Producers: Joe Pirro and Minhal Baig Director: Minhal Baig Screenplay: Minhal Baig Cast: Blake Cameron James, Gian Knight Ramirez, S. Epatha Merkerson, Lil Rel Howery, Jurnee Smollett, Ora Jones and Charles Jenkins Distributor: Sony Pictures Classics
Grade: C+
Minhal Baig’s coming-of-age drama, set in Chicago’s notoriously crime-ridden Cabrini-Green high-rise public housing project in 1992 (the fiftieth anniversary of the hopeful opening of its first units) is, contrary to what one might expect, not primarily gritty and grim (though there are moments that can be characterized as such), but lyrical and poetic. In fact, one could make a case for considering it an urban version of David Gordon Green’s “George Washington” (2000), which was set in rural North Carolina but also spun a “growing up” scenario and embraced a similarly dreamlike style with occasional dark interventions. Like that film, “We Grown Up” also has a habit of becoming gauzy and pretentious as it makes the point that what one should remember about the Cabrini-Green development isn’t its failure as urban planning, but the people who struggled to make a life there.

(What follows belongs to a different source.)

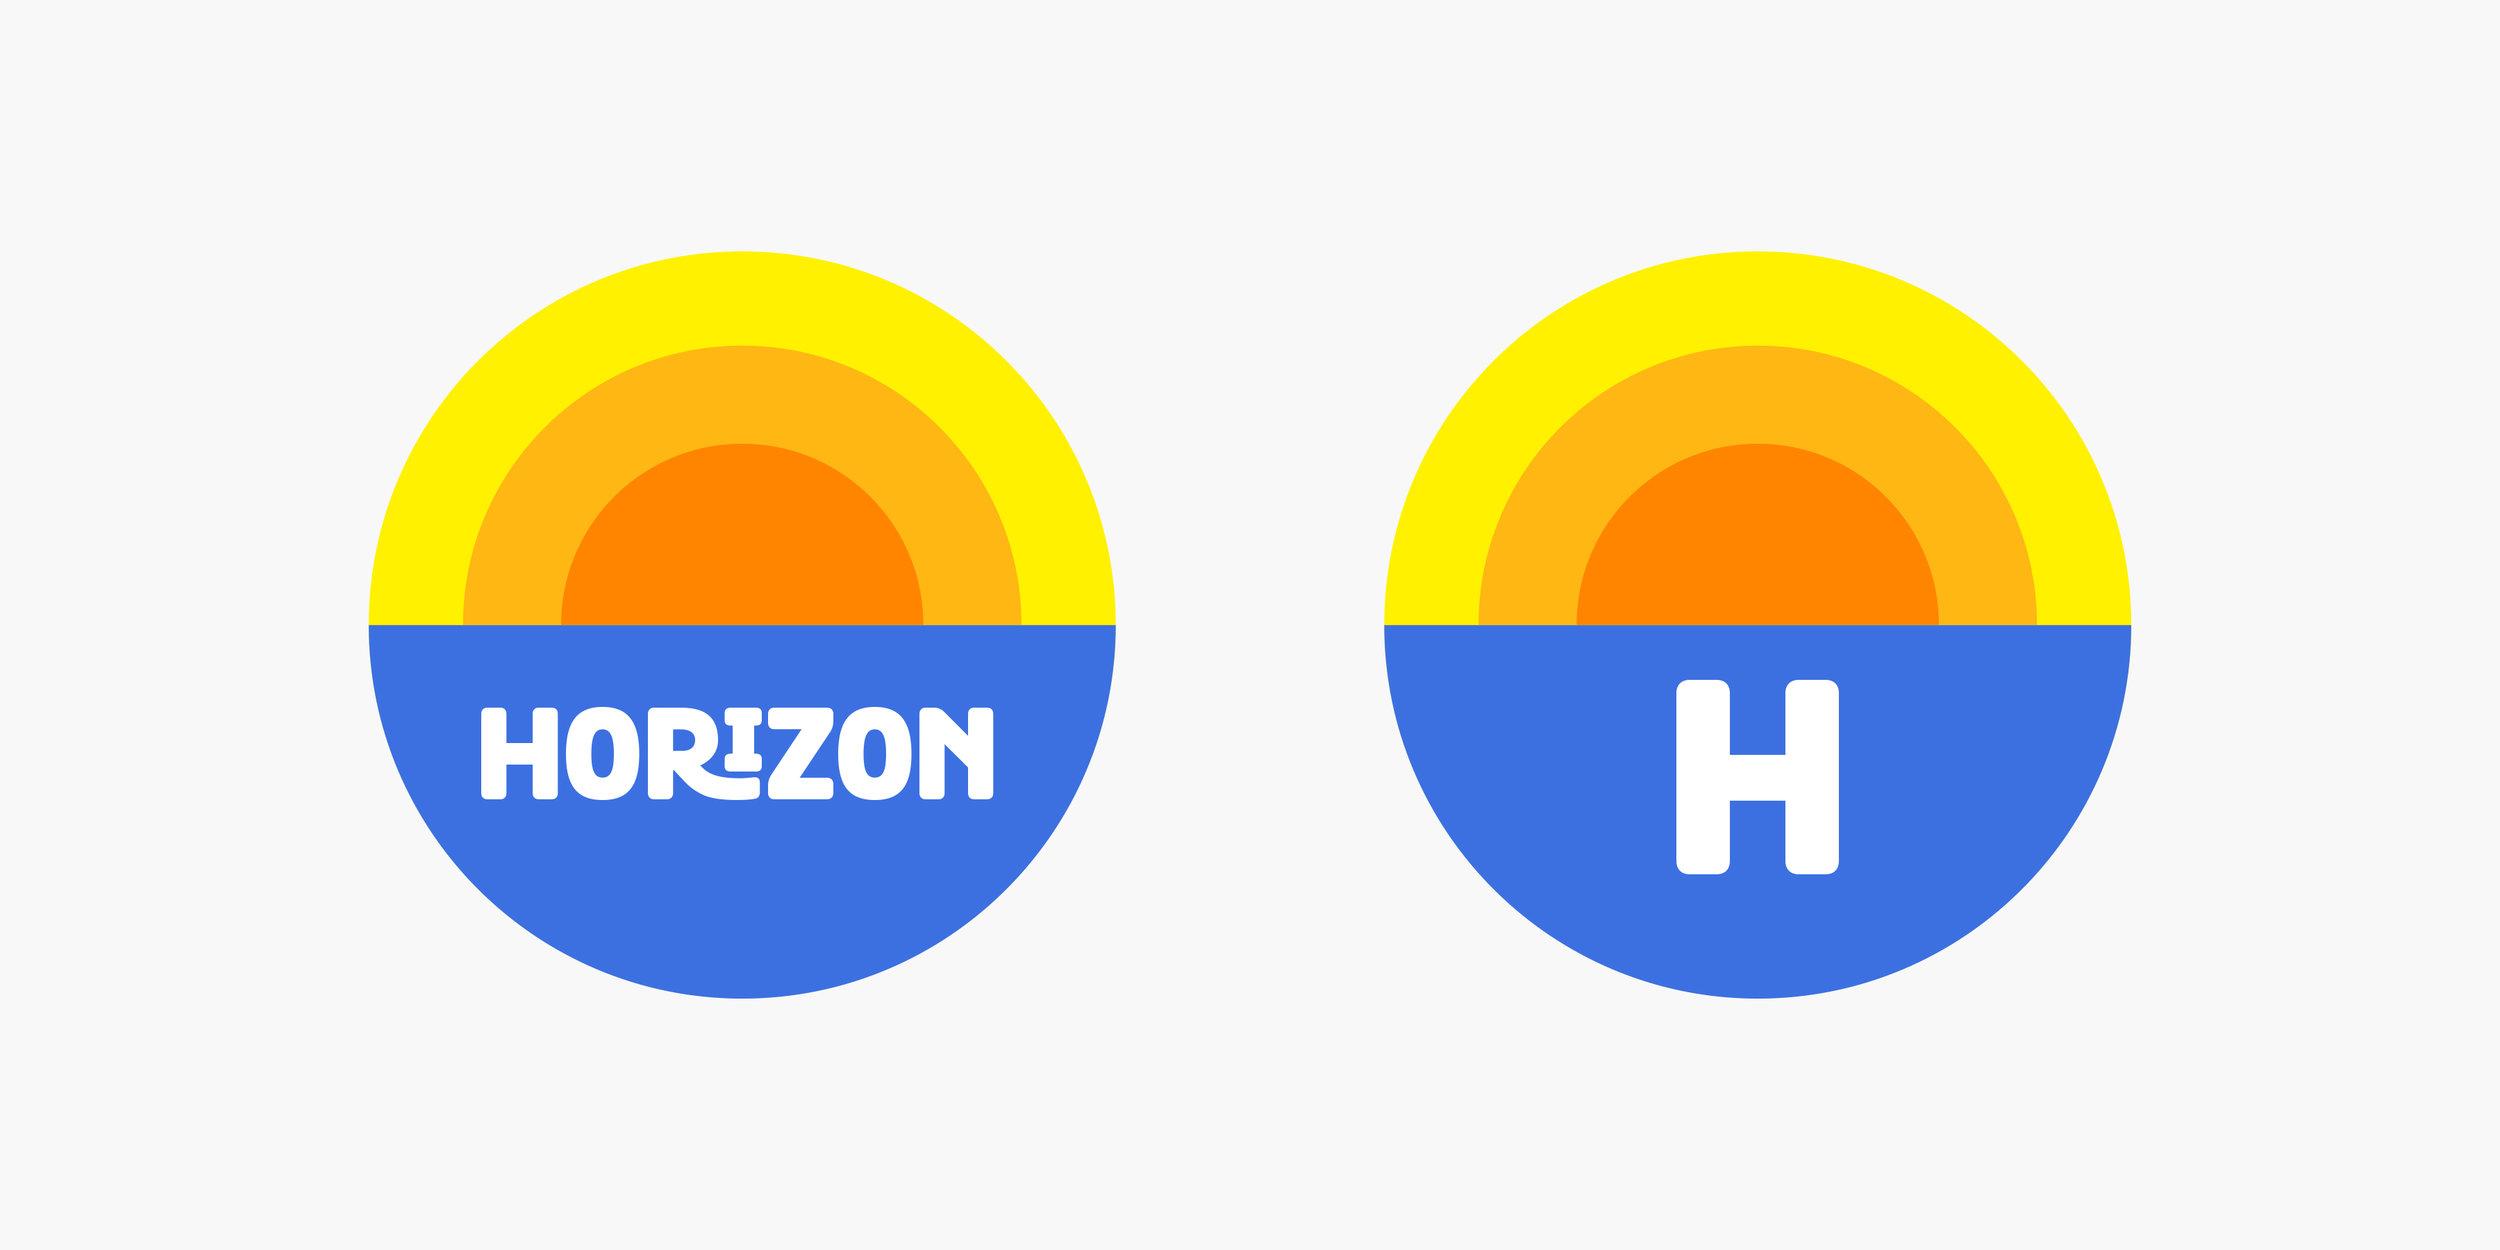 horizon logos.jpg

The youngsters at the film’s center are Malik (Blake Cameron James) and Eric (Gian Knight Ramirez), inseparable best friends both in the classroom and on the playground, where they and the other kids practice “flying” by jumping from a height onto a mound of pilfered mattresses and pillows, just one instance of the script’s somewhat heavy-handed symbolism. Malik’s family includes his hard-working mother Dolores (Jurnee Smollett), his widowed grandmother Anita (S. Epatha Merkerson) and a younger sister; Eric lives with his recently-widowed father Jason (Lil Rel Howery) and an older sister, Amber (Avery Holliday). Dolores has a job in the payroll department of a business, where she watches others promoted over her, while Anita remembers how different things had been at the projects when she and her husband moved to Chicago from Mississippi; Jason works at a pizza joint, tries to teach his son the economics of getting by, and expects Amber to watch over her younger brother.
It’s a time of increasing turmoil at Cabrini-Green. The killing of a seven-year old boy in a shooting while he was walking with his mother causes a public outcry and a police response that involves random screening of people and even unannounced apartment searches. The funeral makes the boys, as well as their elders, uneasy about the precariousness of things. Dolores applies for a promotion, only to learn that it would involve uprooting the family and moving to Peoria. Yet she’s torn between staying and leaving.
Malik, meanwhile, grows dreamier, imagining living in a two-story house with a garden. When the boys stare at a cracked ceiling, he suggests that the flickers of light from the other side resemble stars, as if the sky offered them escape. And when the boys decide to ditch school when the teacher plays an especially dull educational film, they run off to the Art Institute, where, in addition to taking in a Seurat exhibition, they intently examine Walter Ellison’s 1935 canvas “Train Station,” which depicts a segregated Southern terminal in which “coloreds” are boarding trains headed north while well-heeled whites, on the other side of the platform, mount cars going elsewhere—part of the Great Migration in which Anita took part. At one point it’s observed that “There’s poetry in everything,” and more and more Baig indulges the idea in her images.
She also feels compelled to make the message of her film overly explicit, most notably in a scene in which the boys, peering through a chain fence, shout to those on the other side—police, presumably, but also society as a whole—“We exist!” It’s only the most obvious instance in which Malik and Eric sound ore like adults than ten-year olds. And yet while at such points the film becomes uncomfortably heavy-handed, James and Ramirez remain unaffected and natural. Smollett, Merkerson and Howery are all excellent as well, capturing the tenderness they feel toward the children as well as their concerns about sheltering them from harm while making ends meet. Production designer Merje Veski and cinematographer Pat Scola have the difficult task of balancing the reality of the surroundings with the more graceful perspective of the children but succeed more often than not, while editor Stephanie Filo gives the film an unforced, deceptively idyllic pacing and Jay Wadley contributes a score that aims for soulful nostalgia.
Ultimately, of course, “We Grown Now” must come to terms with the separation that often marks the onset of maturity as Dolores decides on her job choice. In doing so, it closes with another instance in which it exchanges gentleness for the obvious as Eric, who’s become moody and depressed over his friend’s imminent departure, imparts to Malik the secret of success at flying. It’s unfortunately typical of this generally insightful film that at too many points it strains for profundity when its simpler moments prove much more affecting.